Mas a stiuação de Marcão do Gazeta agora se complica um pouco mais. A segurança transmitida hoje pelo advogado Salata em relação a seu cliente foi algo a se notar. Ele acredita que uma nova mudança, agora, só quando for julgado o agravo interposto à Justiça Comum, o que tem trâmite um pouco mais demorado.

Outro ponto a comsiderar é o fato de o presidente da Câmara não ter empossado Marcão do Gazeta “imediatamente” conforme determinou o juiz eleitoral local. No ofício recebido tanto por ele quanto pelo suplente a ser empossado, não constava nenhum prazo mínimo ou máximo. Constava apenas a posse “imediatamente”. A qual, aliás, Marcão do Gazeta negligenciou, aceitando que fosse marcada para 48 horas depois, ou seja, quarta-feira ao meio-dia.
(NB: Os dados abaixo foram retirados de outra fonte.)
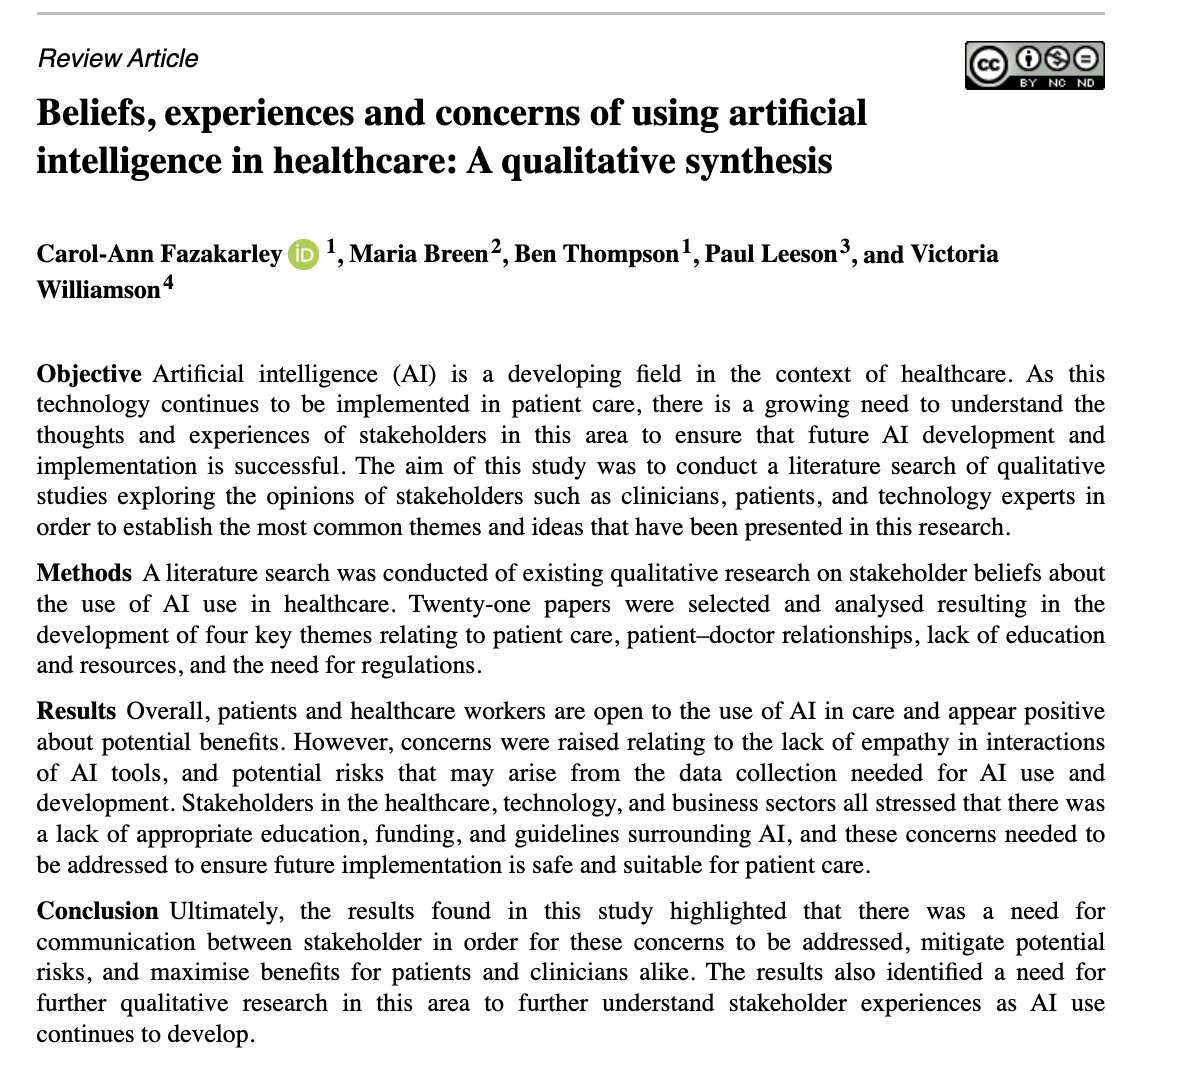 As AI increasingly is used in healthcare, our newest review looks at the experiences and concerns of key stakeholders in using AI in healthcare. Read it here - journals.sagepub.com/doi/10.1177/20… @DigitalHealthJ @ultromics

Nem o vereador-suplente, nem Pimenta, nem o advogado, ninguém foi contestar a dilatação de prazo, que “coincidentemente” foi suficiente para que Becerra entrasse com a medida liminar e a obtivesse no início da noite de terça-feira. É temeroso afirmar, mas pareceu aos olhos de tantos quantos vêm acompanhando este “imbróglio”, que a dilatação teria sido de propósito, para dar tempo a Becerra. Queremos crer que não passou de mera coincidência, pois seria no mínimo antiético por parte de um presidente de Casa de Leis “advogar” causa de quem quer que seja do corpo legislativo.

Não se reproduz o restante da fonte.